"Saya suka berada di sini"—or "I like it here"—is a phrase that investors are using more often when referring to Malaysia. A robust economy, supportive government, educated workforce, and developed infrastructure have quietly transformed the Asia-Pacific country into an attractive investment destination for international investors around the world.
In this article, we'll take a look at the benefits and risks of investing in Malaysia, how to invest in the country's stock market, and take a brief look at its real estate industry as an alternative asset class that investors may want to consider to round out their portfolio.
- Malaysia has a very robust economy and a pro-business government that has made it an increasingly attractive investment destination for international investors.
- Malaysia's political struggles and deficits in 2008 have made some international investors tread a bit more cautiously than before.
- ETFs represent the easiest way to invest in Malaysia for most international investors, but investors can also look at the domestic stock exchange.
- Malaysian real estate may also be an investment option to consider, but be wary of the drawbacks before committing any capital.
Benefits and Risks of Investing in Malaysia
Malaysia has an open state-centric and newly industrialized market economy. Between 1957 and 2005, the country reported gross domestic product (GDP) growth of 6.5% on average, which has made it one of the best performing economies in the region.

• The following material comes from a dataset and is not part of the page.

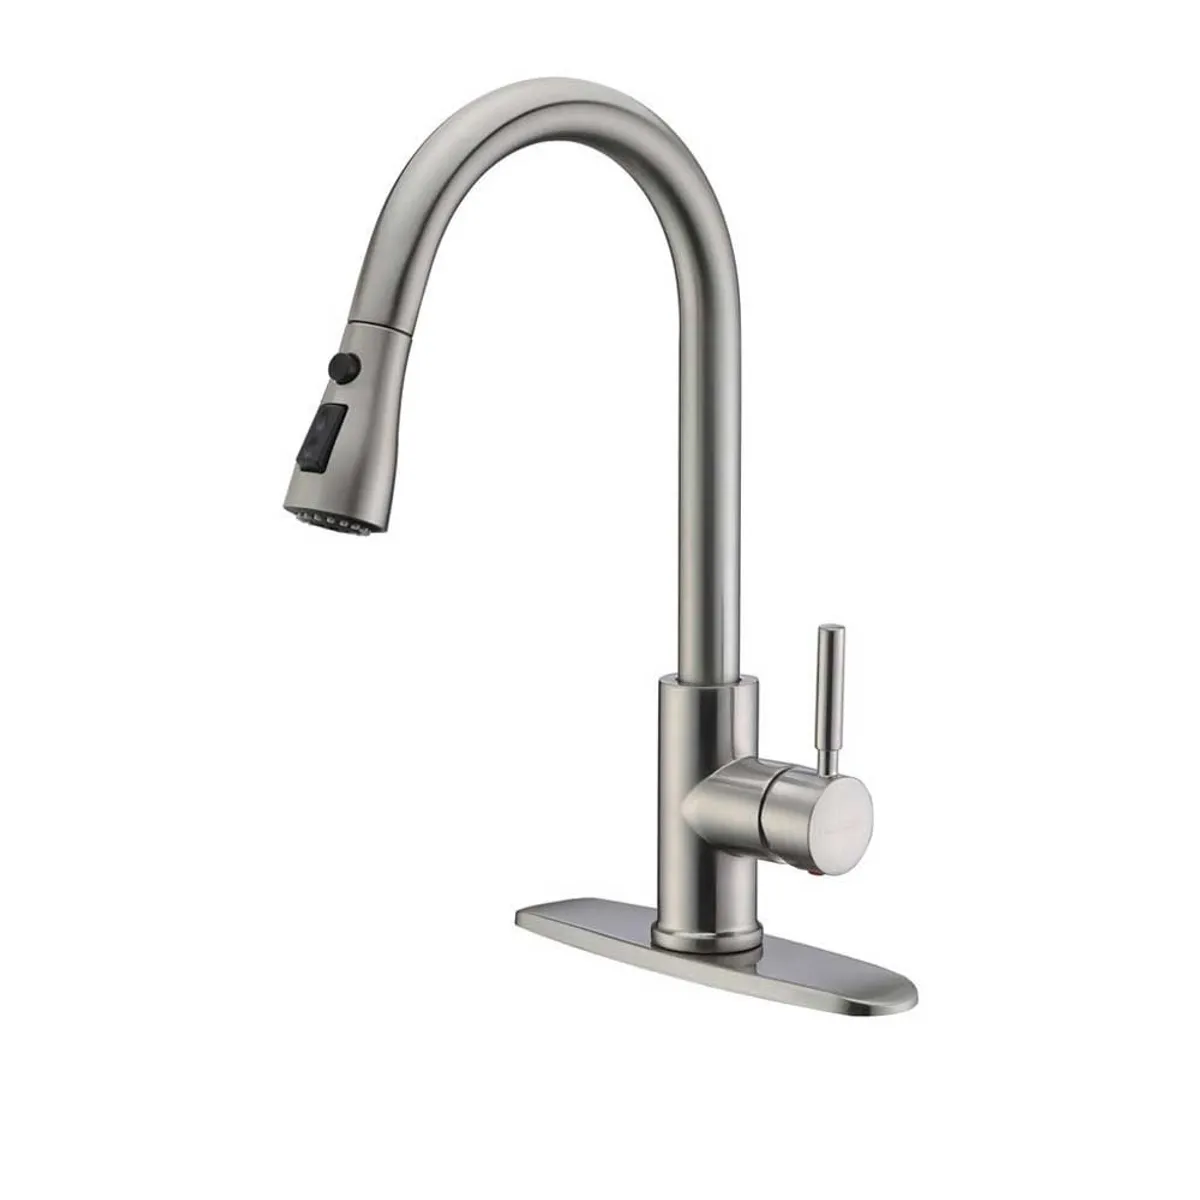 WEWE A1001L Kitchen Faucet Review

However, these growth rates slowed to just 1.29% between 2000 and 2015 as the economy matures.
According to the IMD Competitiveness Index, the Malaysian economy was the 14th most competitive market in the world and fifth among countries with a population of over 20 million, which placed it above places like Japan, Australia, and the United Kingdom. The World Bank also listed it as the sixth easiest country in the world to do business and the sixth most active country for foreign investment by FPM.
As with most emerging or frontier markets, there is an element of geopolitical risk and monetary policy risk associated with investing in Malaysia. The country's political tensions in 2008 weighed on the country, while the country has run ballooning deficits in the past that have drawn investor scrutiny. Political and electoral issues also continue to plague the country and introduce instability.

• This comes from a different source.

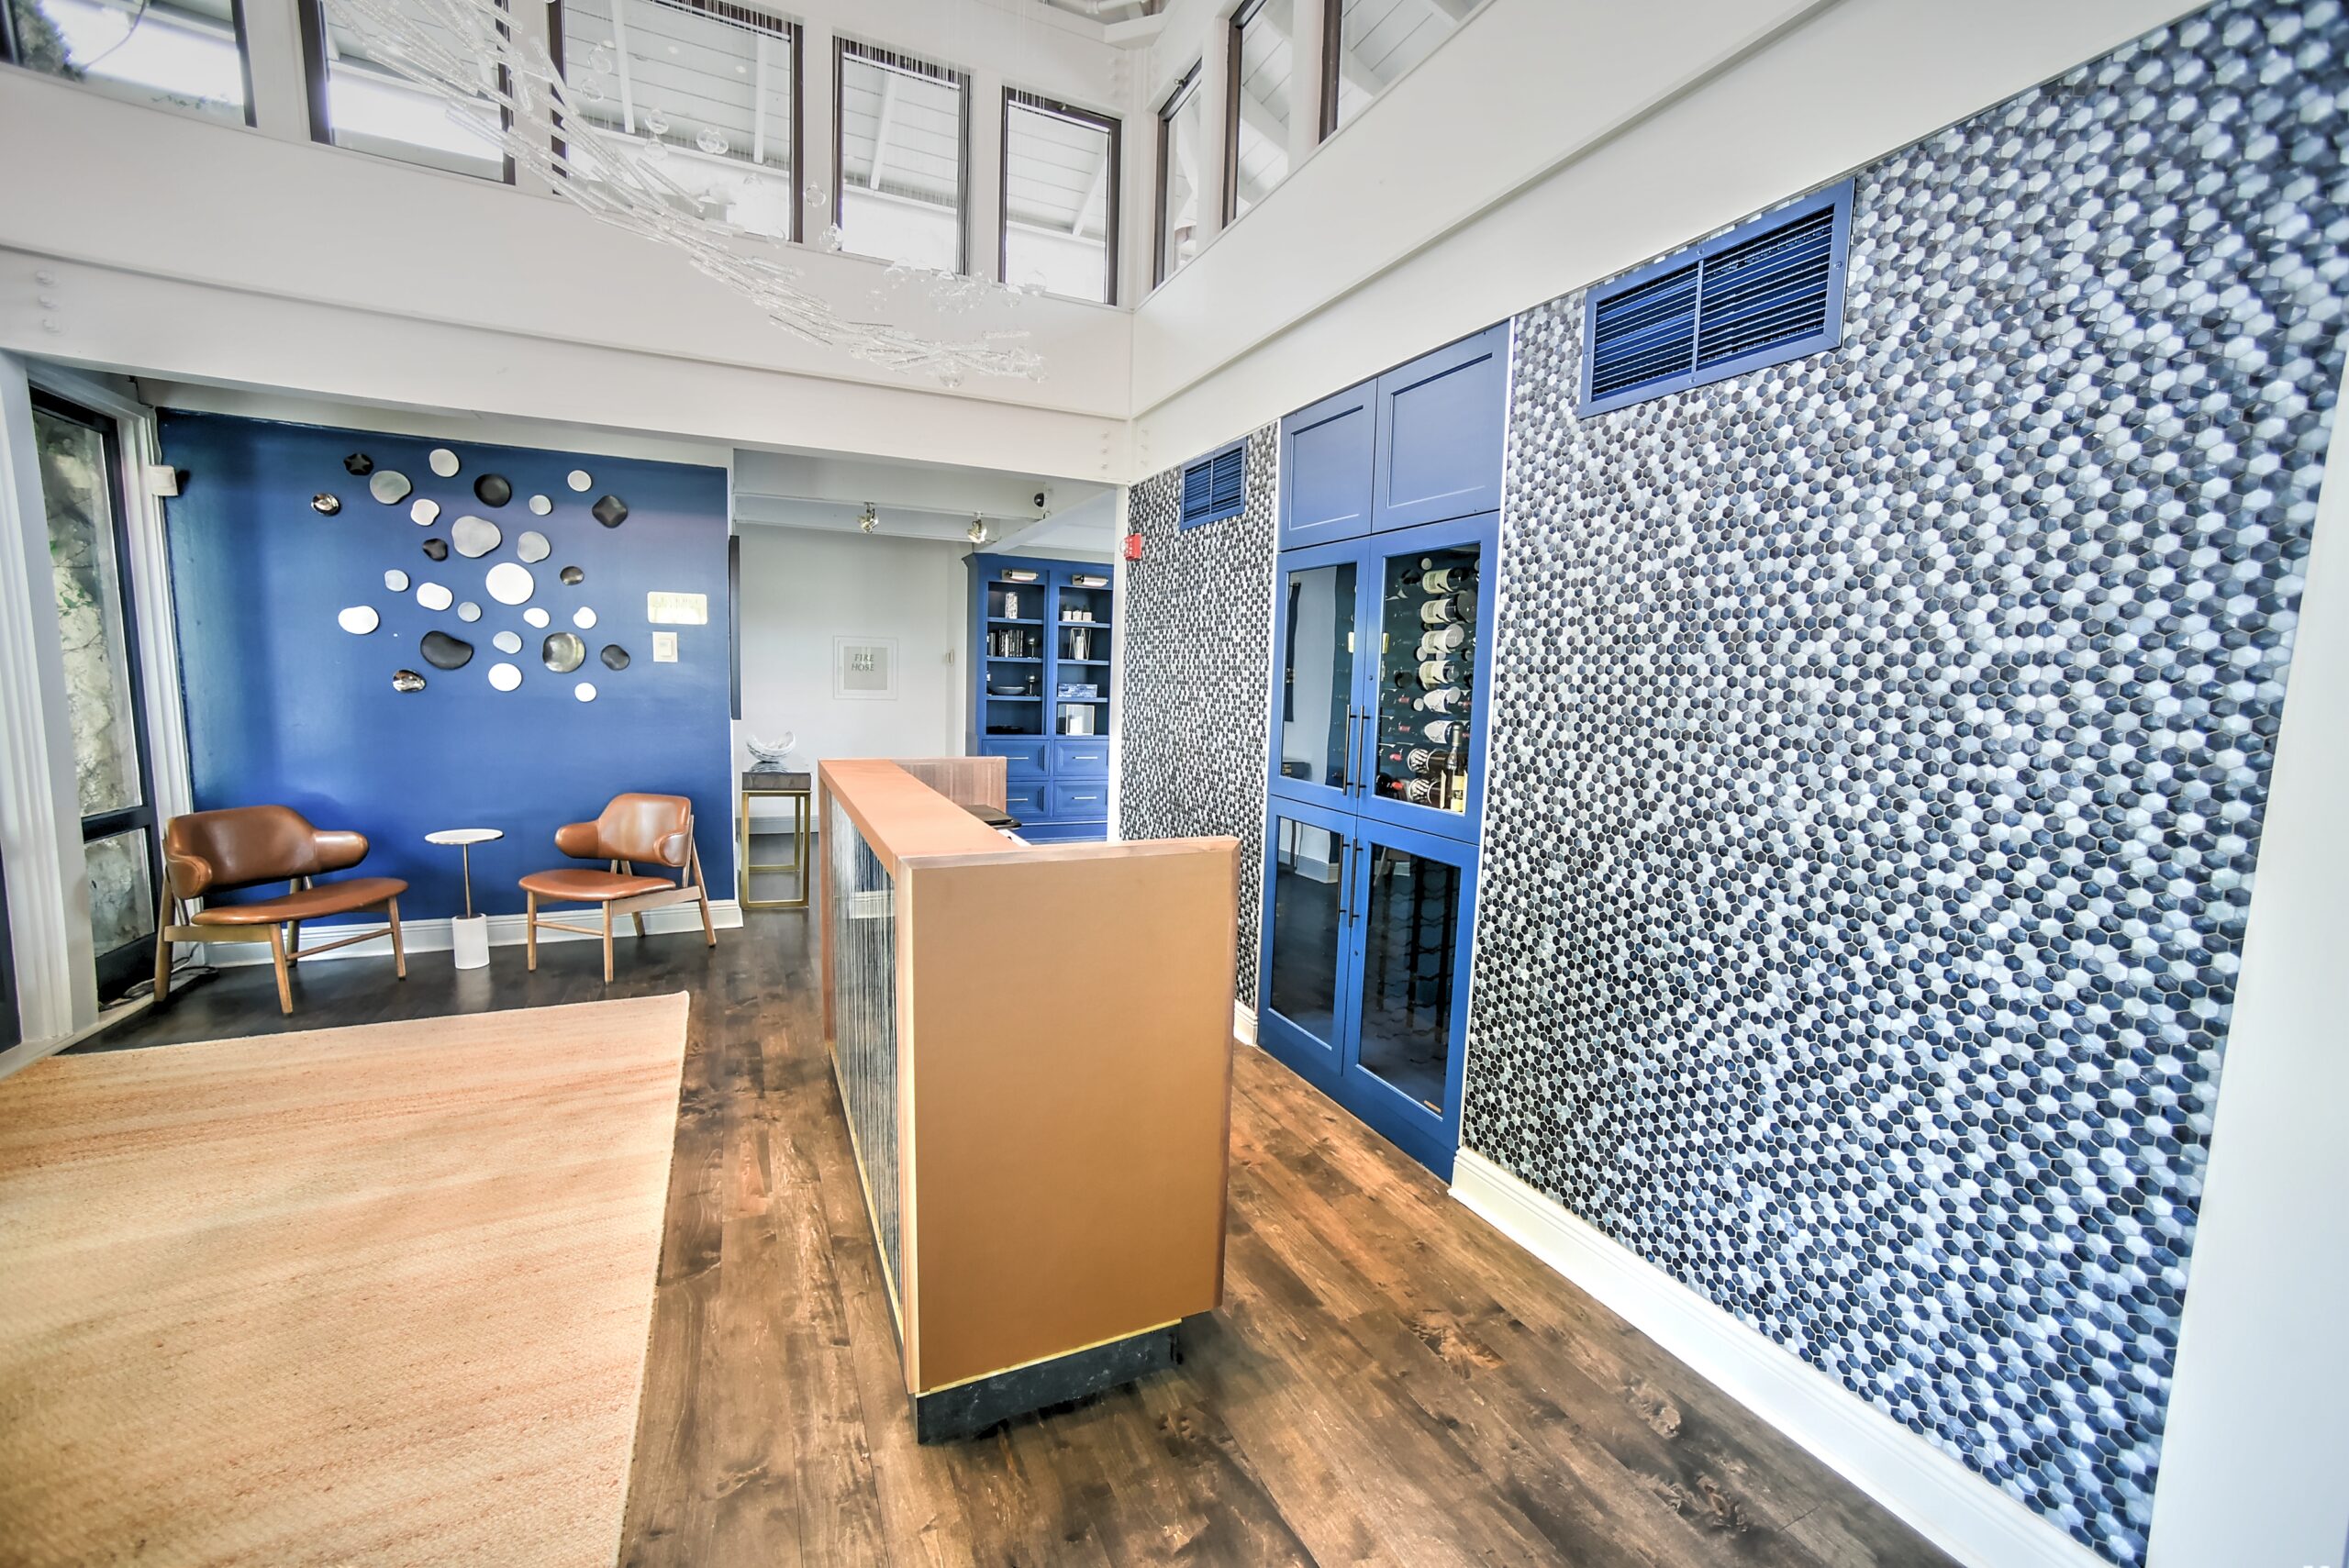 This image shows a hotel that Riken Construction remodeled. There is brand-new wooden floors, a new desk for hosting, and brand new tile/backsplash to accent their blue walls.

Investing in Malaysia's Stock Market
Exchange-traded funds (ETFs) represent the easiest way to invest in Malaysia. By holding a diverse basket of stocks, these securities offer instant diversification and are easily bought and sold on U.S. stock exchanges. The most popular ETF used to invest in Malaysia is the iShares MSCI Malaysia Index Fund (NYSE: EWM), which mimics the MSCI Malaysia Index.
American Depository Receipts (ADRs) represent another option for international investors looking to avoid foreign exchanges. These individual companies could be purchased as a small part of a larger portfolio. But investors should be aware that many of these ADRs are relatively illiquid and may be difficult to buy and sell at attractive prices.

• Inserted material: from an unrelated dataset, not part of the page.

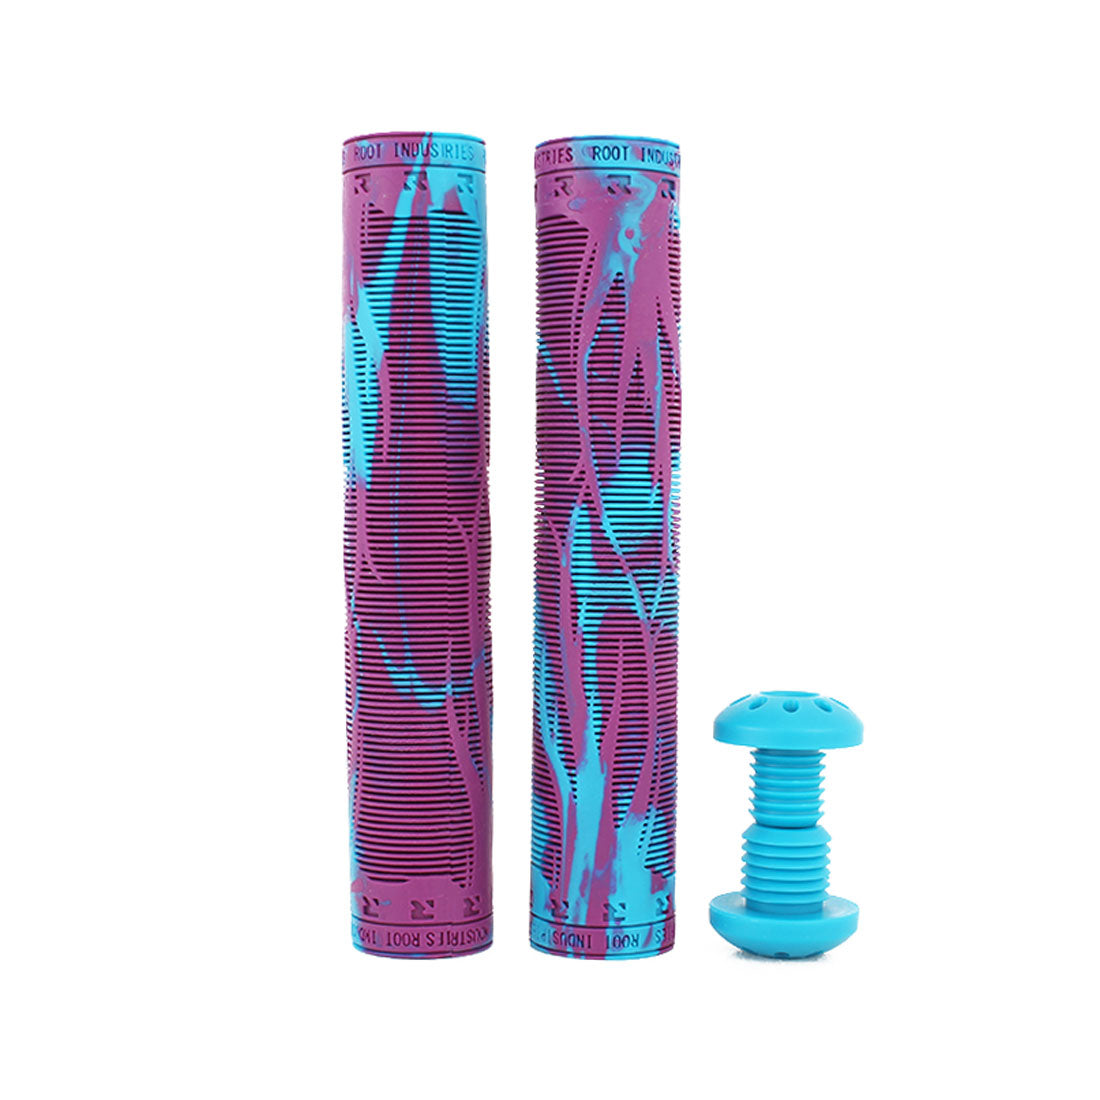 Root Industries R2 Air Grips - Aqua/Purple Scooter Grips

Here are some of the most popular Malaysian ADRs:
- Malayan Banking Berhad (MLYBY)
- Genting Berhad (GEBHY)
- Genting Malaysia Bhd (GMALY)
- MBf Holdings Berhad (MBFBY)
- Tenaga Nasion Berhad (TNABY)
Finally, international investors can invest in the country's stock exchange—the Bursa Malaysia. With just under 1,000 listed companies, the exchange is one of the largest in Asia and offers a wide variety of investment choices. The downside is that U.S. investors must open foreign brokerage accounts and may be subject to paying foreign capital gains taxes on any profits.
Malaysian Real Estate Investment
After refocusing its efforts many years ago, Malaysia has made tourism its third-largest revenue contributor. This has made real estate investment a very popular alternative form of investment for many international investors. According to the Global Property Guide, average home prices have risen nearly 50% between 2002 and 2012, while the market remains highly competitive.
Despite these favorable outcomes, there are several risks that investors should carefully consider. Government attempts to make housing more affordable have led to an oversupply while there were new restrictions on foreign buying put in place during the economic crisis that began in 2008. The rental market also remains very small relative to the U.S.
There are not many publicly traded real estate trusts for investors to choose from, like in the United States, but investors can purchase property directly or invest in various property management firms.